It's very easy to tie a colorful ribbon on a jar of coconut oil!! And soapers love free oil!


----------



## mrsserena (Dec 31, 2016)

Just for thought, maybe they just know how much you and your family appreciate nice soap, so they thought it would be nice. My mom gave me a tube of store bought hand lotion this year... I gave her a package of homemade soaps, lotions, and lip balms .


----------



## fuzz-juzz (Dec 31, 2016)

Yeap, same here, you're not alone.
After gifting them so many soaps, my mum's gone back to store bought, $10-15 a pop soaps. Apparently, my aren't fragranced enough like store bought ones. 

I was gifted soaps this Christmas, store bought.  It was from a client I work with, I did mention I make soaps, but she's probably forgotten. They were nicely packaged, it's thought that counts in the end, but it was till funny.


----------



## penelopejane (Jan 1, 2017)

fuzz-juzz said:


> Yeap, same here, you're not alone.
> After gifting them so many soaps, my mum's gone back to store bought, $10-15 a pop soaps. Apparently, my aren't fragranced enough like store bought ones.
> 
> I was gifted soaps this Christmas, store bought.  It was from a client I work with, I did mention I make soaps, but she's probably forgotten. They were nicely packaged, it's thought that counts in the end, but it was till funny.



If they are handmade it's interesting to compare them to yours. Unfortunately they generally have hardeners and preservatives. The most annoying thing is when they have no ingredients list. Useless as you can't compare.


----------



## newbie (Jan 1, 2017)

Everyone in my family knows I make soap and all have used it. For some reason, they think that making it makes me appreciate getting it. My mom and my aunt have both gotten me soap for gifts, which perplexes me, but I just say thank you. 

It sounds like you handled it well. Maybe the partner saw how well your soap went over and thought it would be a sure-fire hit to give some as well, except that he missed with you.


----------



## fuzz-juzz (Jan 1, 2017)

penelopejane said:


> If they are handmade it's interesting to compare them to yours. Unfortunately they generally have hardeners and preservatives. The most annoying thing is when they have no ingredients list. Useless as you can't compare.

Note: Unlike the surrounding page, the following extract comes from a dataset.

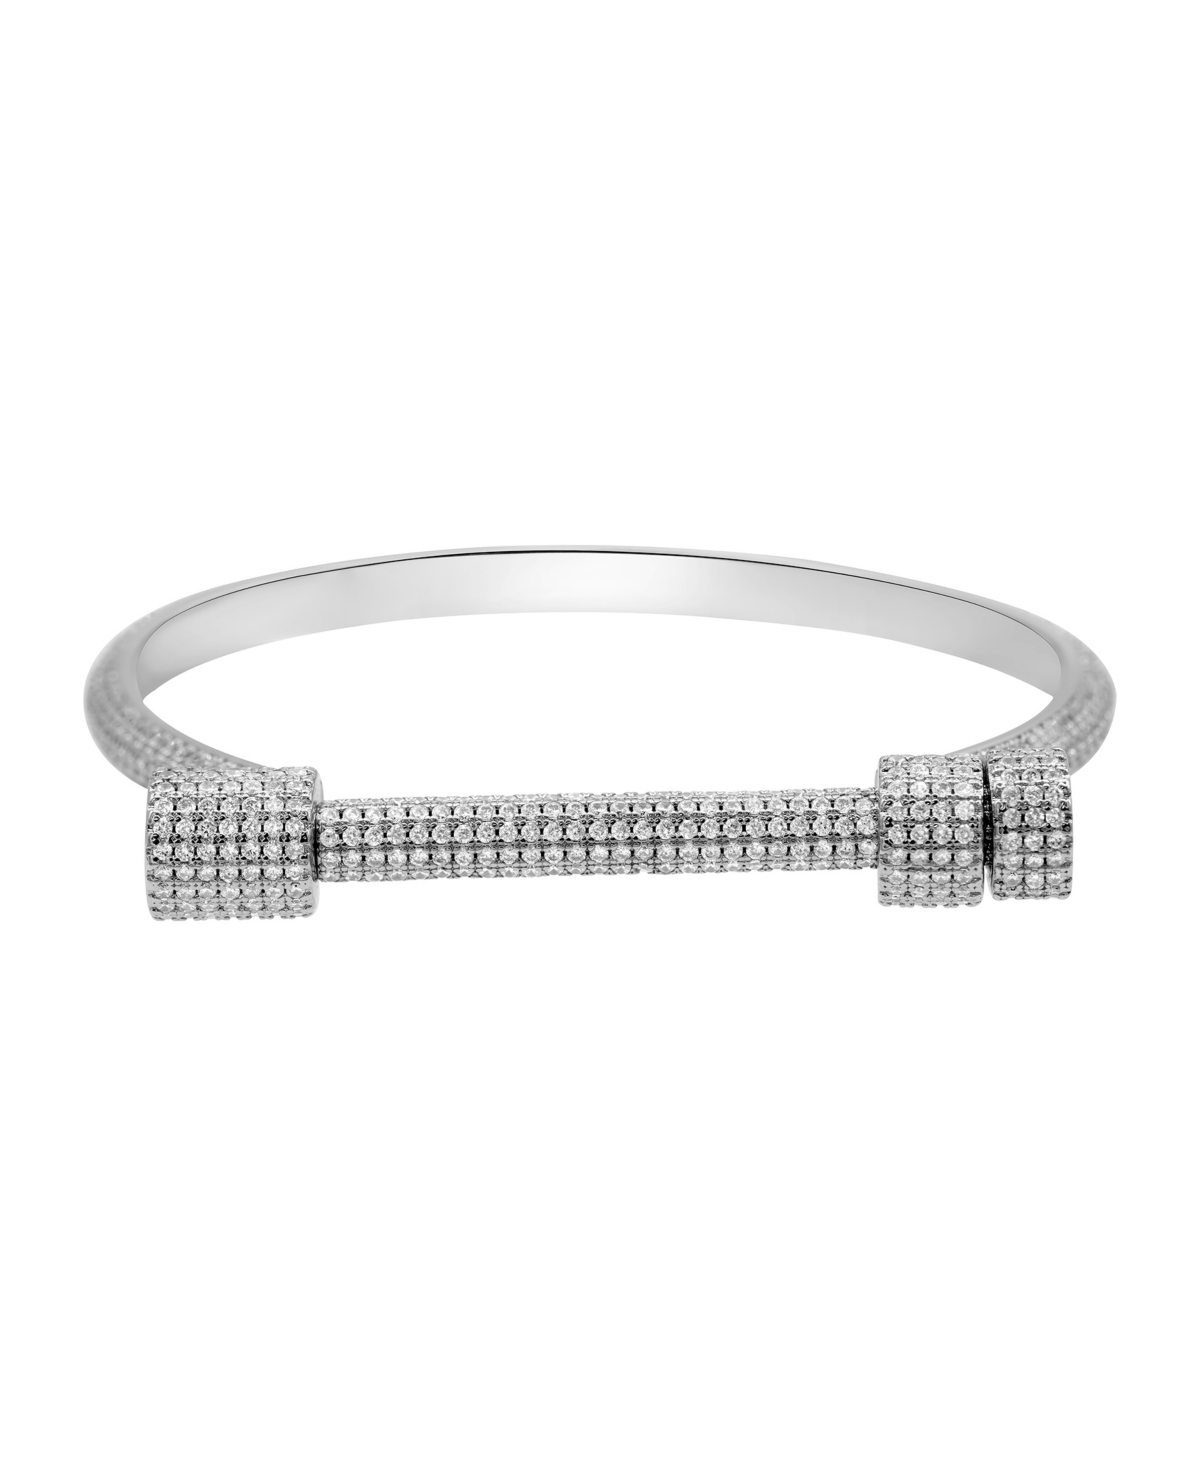 Shop Adornia Silver-plated Crystal Screw Cuff Bracelet

It's Tilley's soaps, they aren't handmade (I think). They can't be for that price.
Website states the are made from palm, CO and shea butter only.
They are very hard but also very drying, possibly because of high % of palm and CO.
They also cracked terribly, after only few uses. 
I do prefer my soaps, but I just wanted to test them out as I haven't used shop bought soap in ages.


----------



## artemis (Jan 2, 2017)

newbie said:


> For some reason, they think that making it makes me appreciate getting it.



I think this is the reason behind people give soap to soapers. They think we have a general interest in soaps. If they see one they think is neat, we're the ones they think will appreciate it most.


----------



## dillsandwitch (Jan 4, 2017)

fuzz-juzz said:


> It's Tilley's soaps, they aren't handmade (I think). They can't be for that price.
> Website states the are made from palm, CO and shea butter only.
> They are very hard but also very drying, possibly because of high % of palm and CO.
> They also cracked terribly, after only few uses.
> I do prefer my soaps, but I just wanted to test them out as I haven't used shop bought soap in ages.




They are not handmade. I have tried them before and yeah totally agree they are terrible. I bought 4 bars this time last year and 3 are still sitting in my bathroom cabinet. The other has maybe 3/4 left of the bar as every time I use it even just for hand washing I'm reaching for the lotion soon after.


----------